- _Listed entries_:
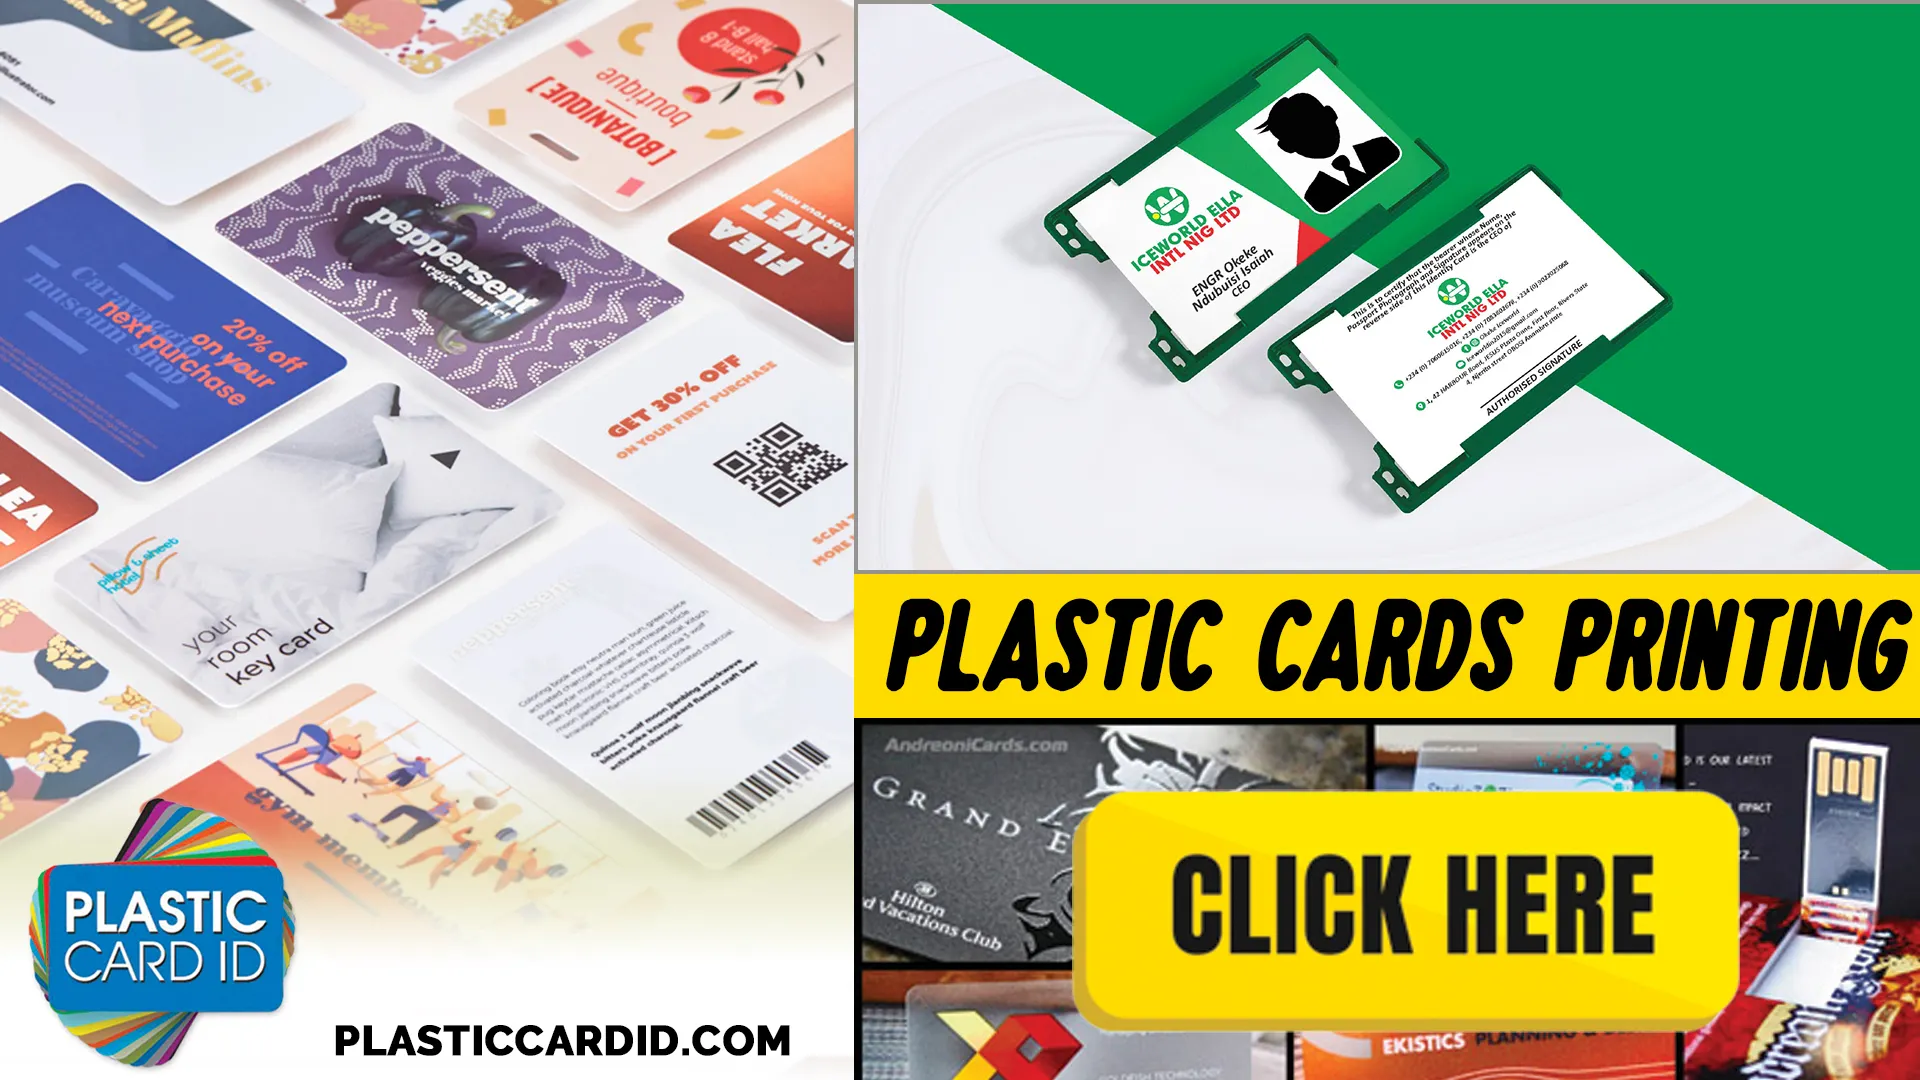 Embracing Plastic Card ID
's Unwavering Support and Customer Service
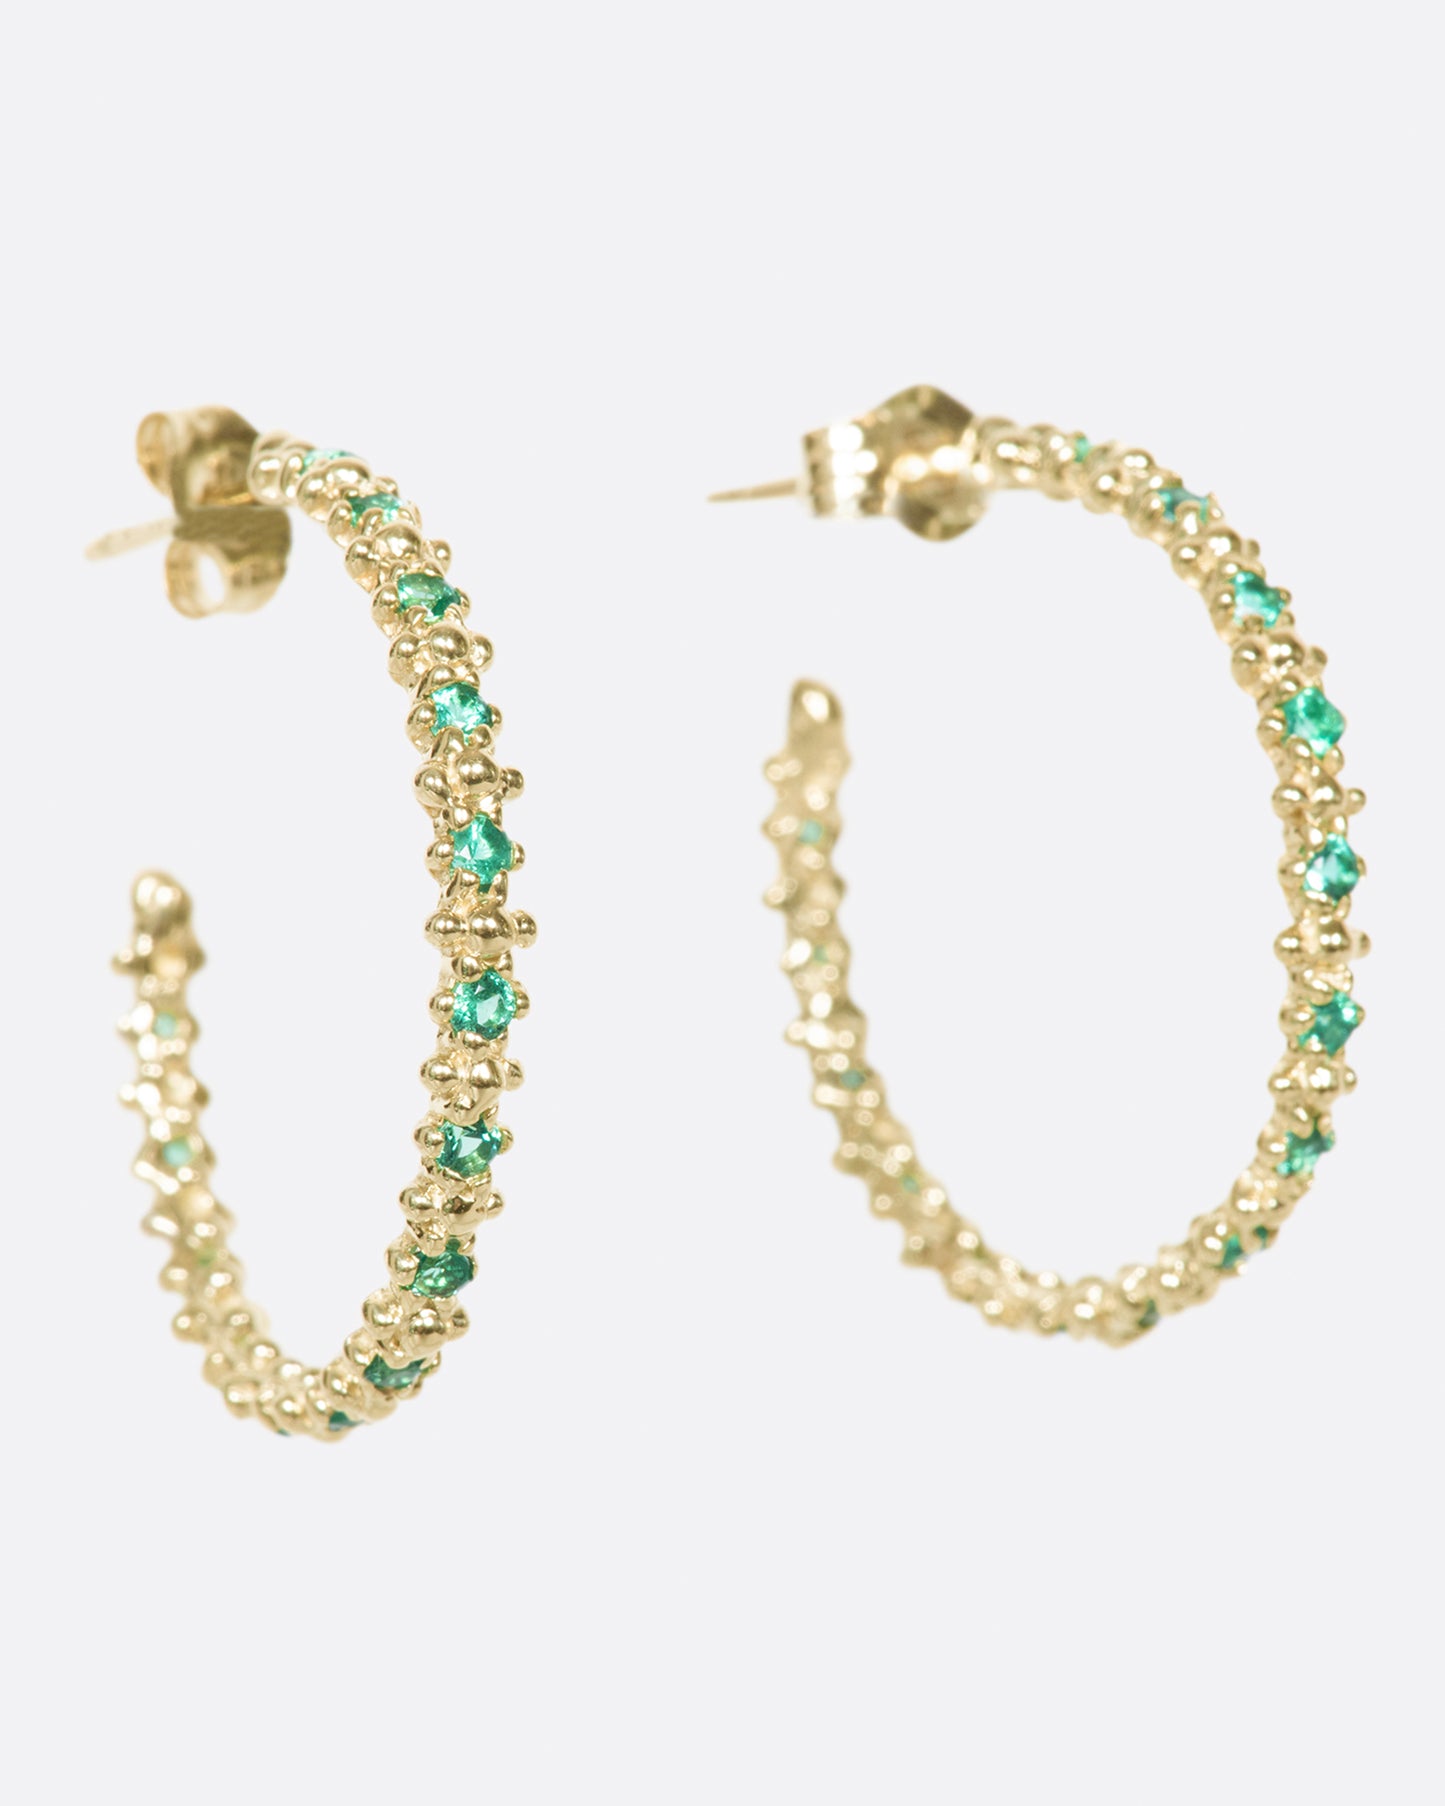 A pair of textured hoop earrings with emeralds dotted throughout.
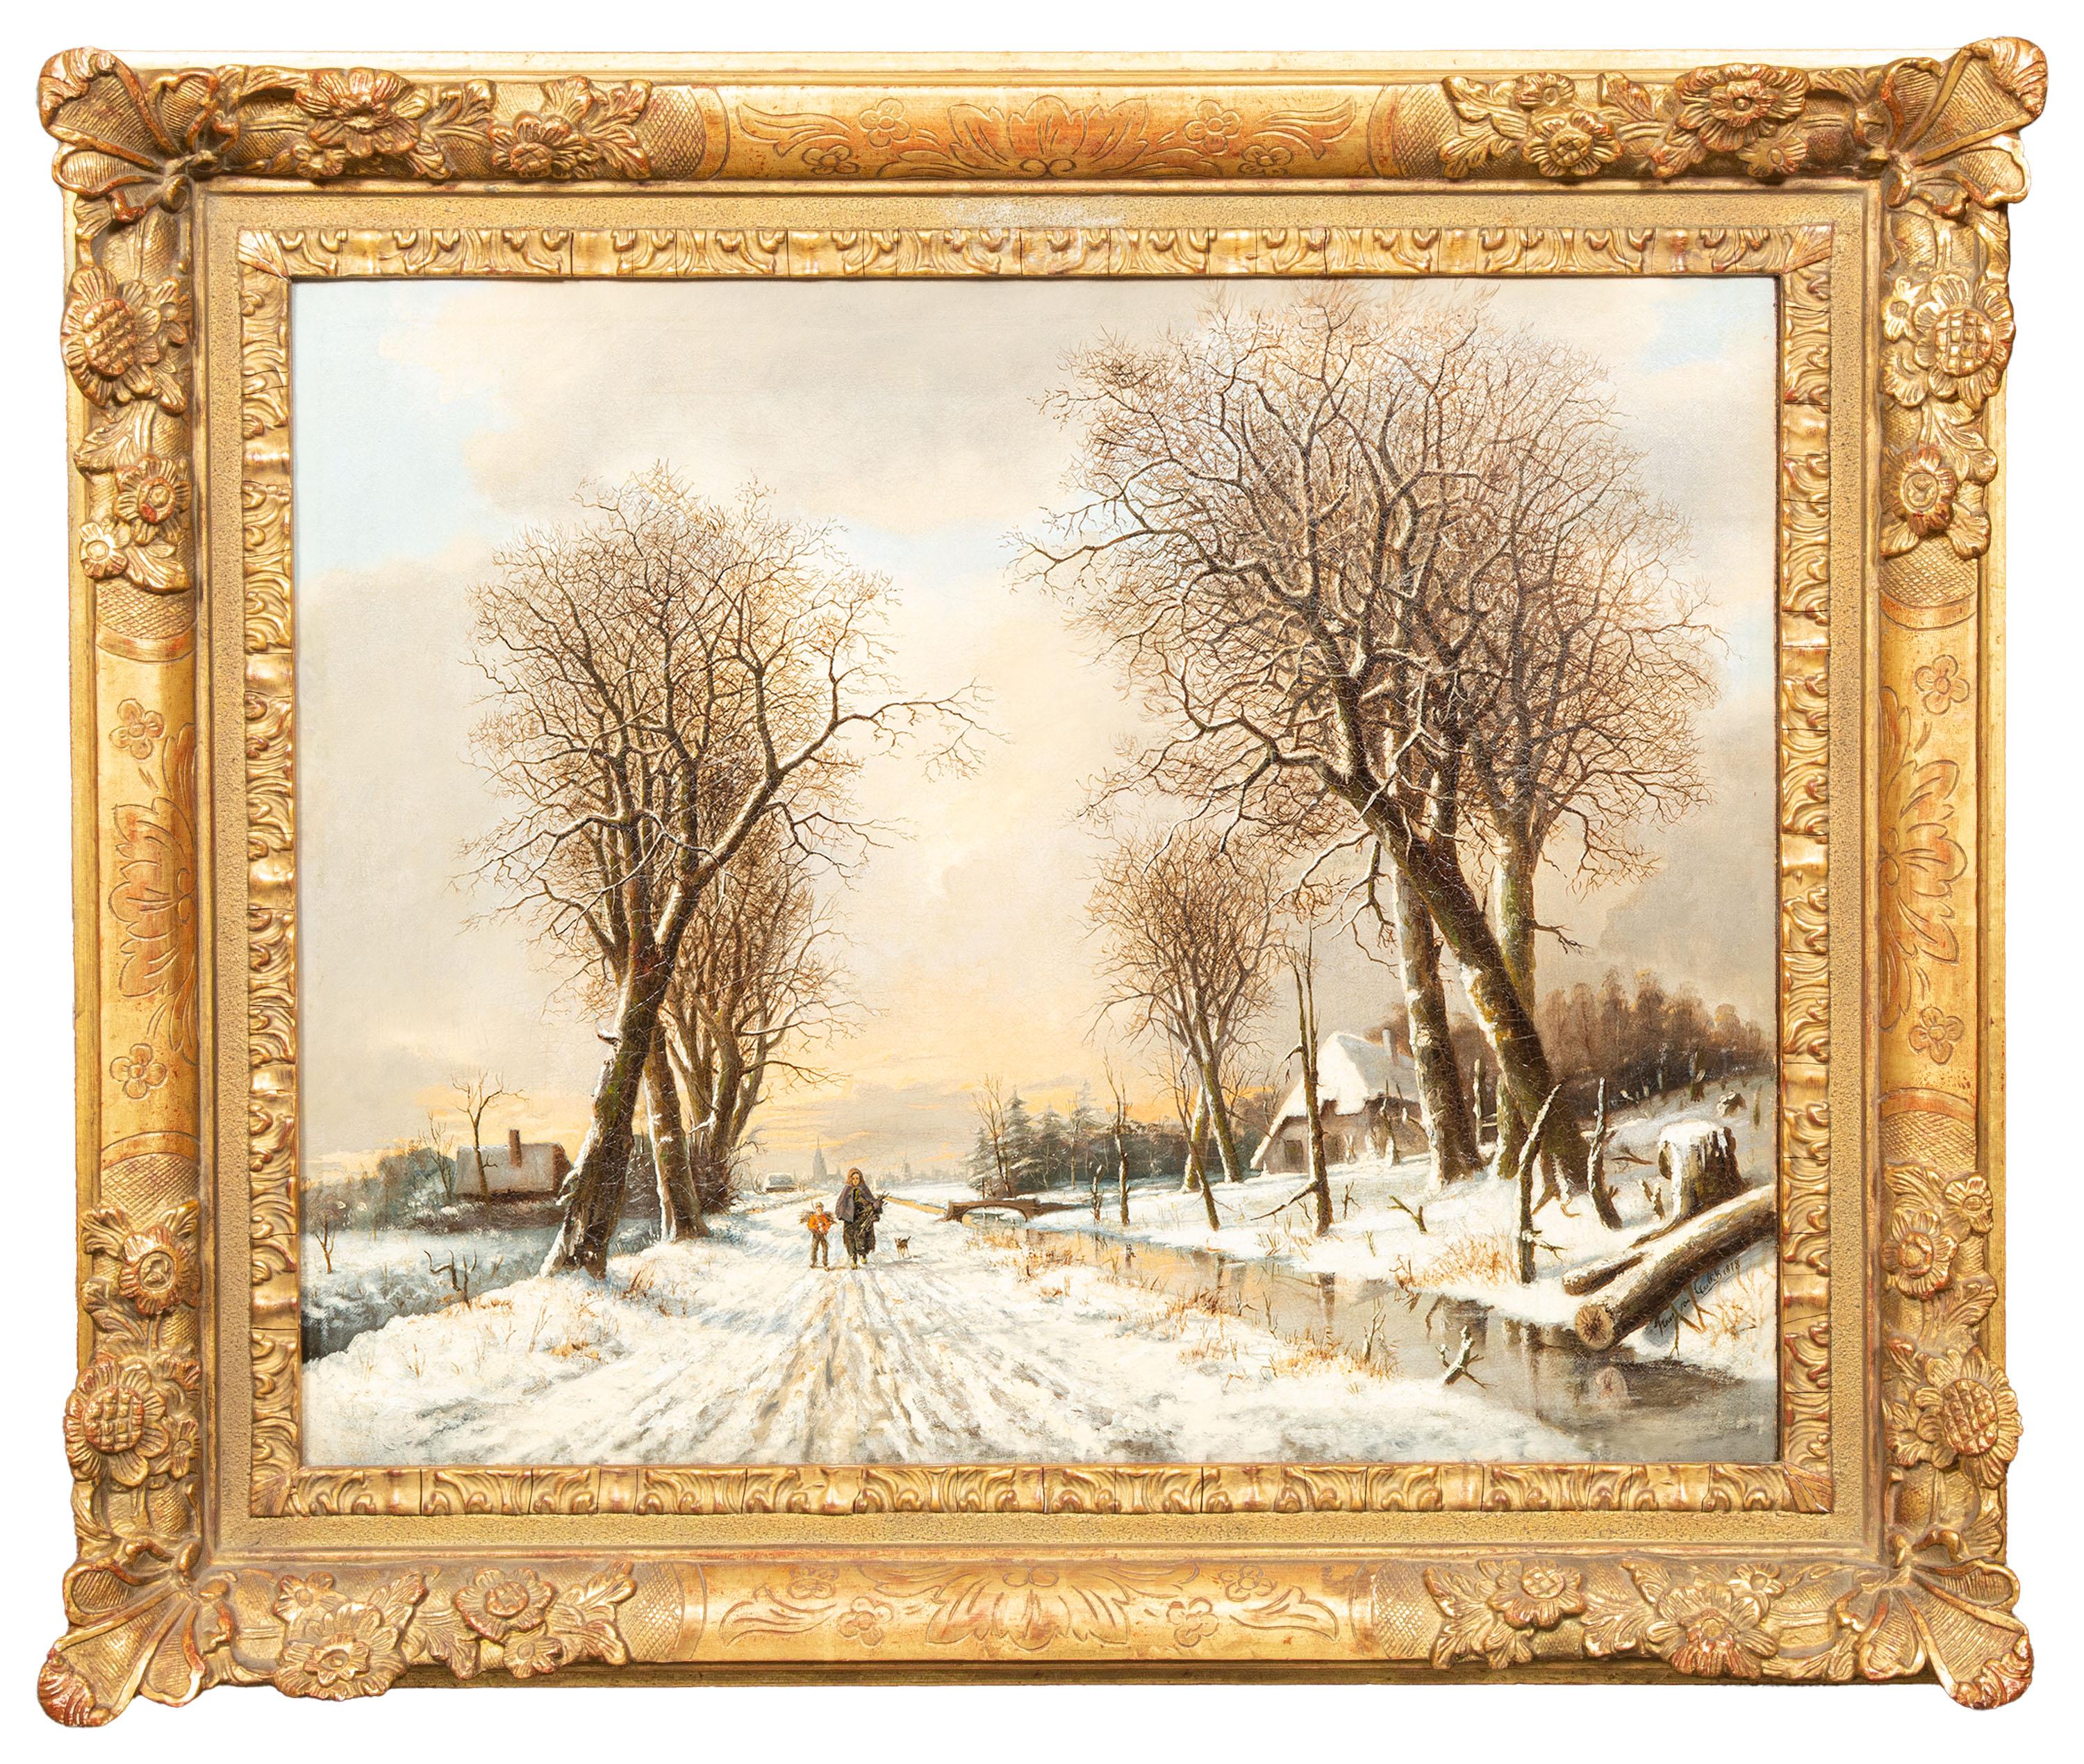 Franciscus Lodewijk Van Gulik
Maastricht 1841 - 1899 Rotterdam
Dutch Painter

'A Walk along the Snowy Landscape’

Signature: signed lower right and dated 'Frans van Gulik 1878'
Medium: oil on canvas
Dimensions: image size 50 x 62 cm, frame size 67,5

- _Problem details_:
Restate word for word the lines from the one holding "Dutch Painter" to the end of the listing, both ends included, and nothing more.

- _Exercise answer_:
Dutch Painter

'A Walk along the Snowy Landscape’

Signature: signed lower right and dated 'Frans van Gulik 1878'
Medium: oil on canvas
Dimensions: image size 50 x 62 cm, frame size 67,5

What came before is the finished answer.